[Freeipa-devel] [DESIGN] IPA client in AD DNS domain

Petr Spacek pspacek at redhat.com
Tue May 24 07:55:55 UTC 2016


On 24.5.2016 09:44, Alexander Bokovoy wrote:
> On Tue, 24 May 2016, Petr Spacek wrote:
>> On 24.5.2016 09:26, Alexander Bokovoy wrote:
>>> On Tue, 24 May 2016, Petr Spacek wrote:
>>>>>>>> Speaking of certs, should we introduce a aliases for host entries to
>>>>>>>> avoid
>>>>>>>> the
>>>>>>>> need of fake hosts?
>>>>>>> These 'fake hosts' are as good as aliases, even better, because they
>>>>>>> allow us to have full control over who can manage them.
>>>>>>
>>>>>> I do not see how this is different from any other object which has
>>>>>> managedBy
>>>>>> attribute. It is not a special property of host.
>>>>> We have managedBy handling in hosts and services specifically to allow
>>>>> certificate issuing on behalf of another entity.
>>>>
>>>> I'm still not convinced that 'we historically do it this way' is good enough
>>>> justification for using fake host objects instead of tailored aliases.
>>> I'm not sure it is good to add that. Note that host objects can be used
>>> to provide a lot more than just mere aliases:
>>> - they can have services associated, with both Kerberos keys and
>>>   certificates
>>> - they can be used to target HBAC rules against them which will be
>>>   extremely useful when we'll get Authentication Indicators management
>>>   in place
>>>
>>> Having "fake" host objects is also crucial for clustered services.
>>
>> Let me clarify this:
>> I'm not saying that we should drop host object completely.
>>
>> I'm saying that 1 host should have exactly 1 host object + 0..n alises
>> pointing to the host object.
>>
>> HBAC etc. can be set on the 'canonical' object, of course. Alias simply makes
>> possible to automate things like 'get certificate will all associated names in
>> SAN' etc. without manual procedures.
>>
>> This would make it easy to distinguish what is canonical name and what is mere
>> alias. That will get handy e.g. when a host is deleted - it would allow us to
>> delete all aliases with host etc.
> The latter is the only benefit I see here, sorry. The rest is not giving
> any real feature. If you want to have automated case for retrieving a
> certificate with all dNSName records, we can add this one specifically
> as an option to existing code to just follow managedBy -- CA has right
> to ignore anything in the certificate request already and issue what it
> thinks is right.
> 
>> Alternative technical approach is to add aliases to an host's attribute and
>> use it from there. I suspect that this would be less flexible and less
>> future-proof.
> I don't see a need for alias-as-a-property. Instead, I'm interested in
> having a possibility to have different keys, certificates, etc, on
> objects used as aliases. This improves security position by splitting
> the manager and the user of the resource.
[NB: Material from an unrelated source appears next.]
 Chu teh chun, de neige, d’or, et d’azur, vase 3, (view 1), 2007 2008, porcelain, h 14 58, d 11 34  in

I think that these two are not mutually exclusive.

a) If you need separate keys (and the headache associated with it) use a new
host object.
b) If you need to share keys use alias.
Aliases could have other advantages, e.g. using diffrent DNS checks to the
user does not need to use --force just to create the alias.
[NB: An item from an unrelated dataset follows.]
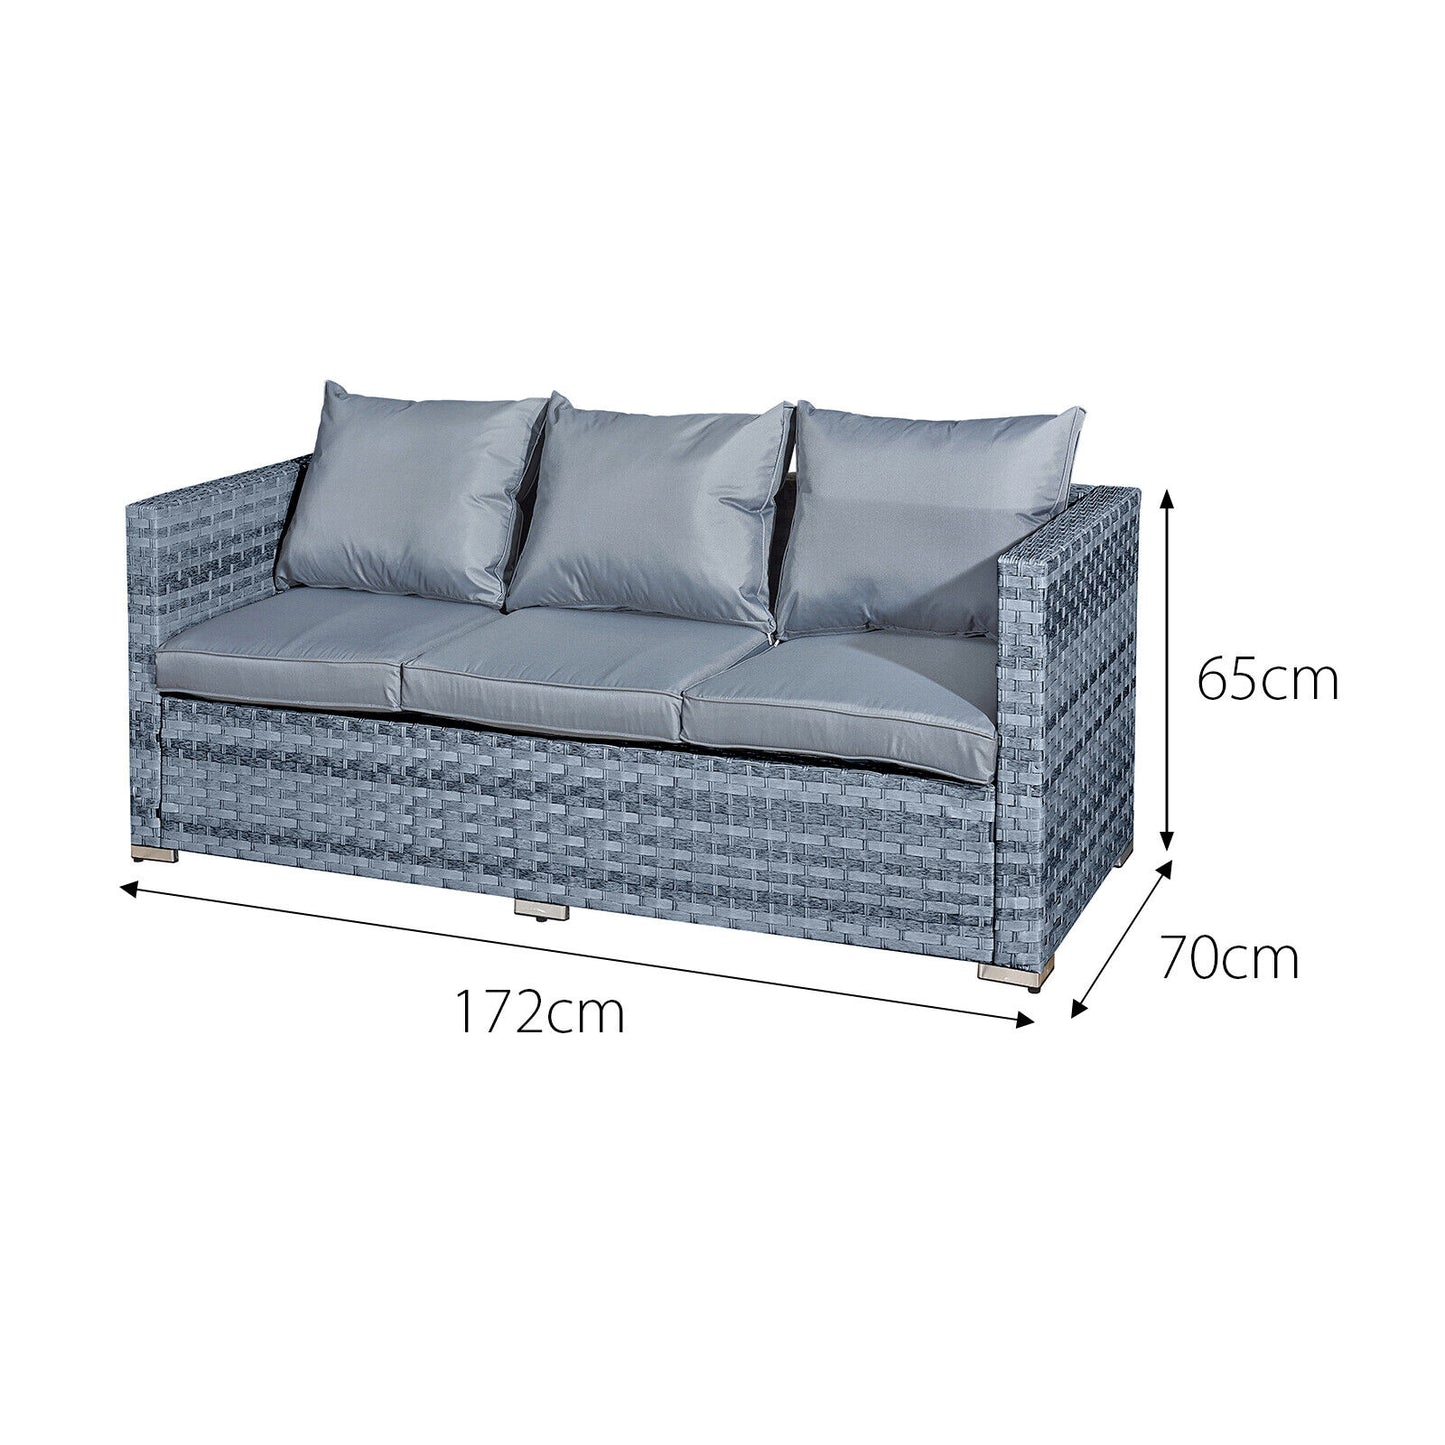 Acorn Rattan 5 Seat Lounge Sofa Set in Ocean Grey

Right now we do not have the (b) option so code needs to use hacks like the
one you proposed above:
"we can add this one specifically as an option to existing code to just follow
managedBy"

This is simply a hack and relies on user not forgetting to add option
--follow-managed-by (e.g.) when requesting a certificate. Not speaking about
automated processes requesting certs which would need own heuristics to detect
when the option should be supplied.

I really do not like these ad-hoc hacks and I'm looking for a systematic solution.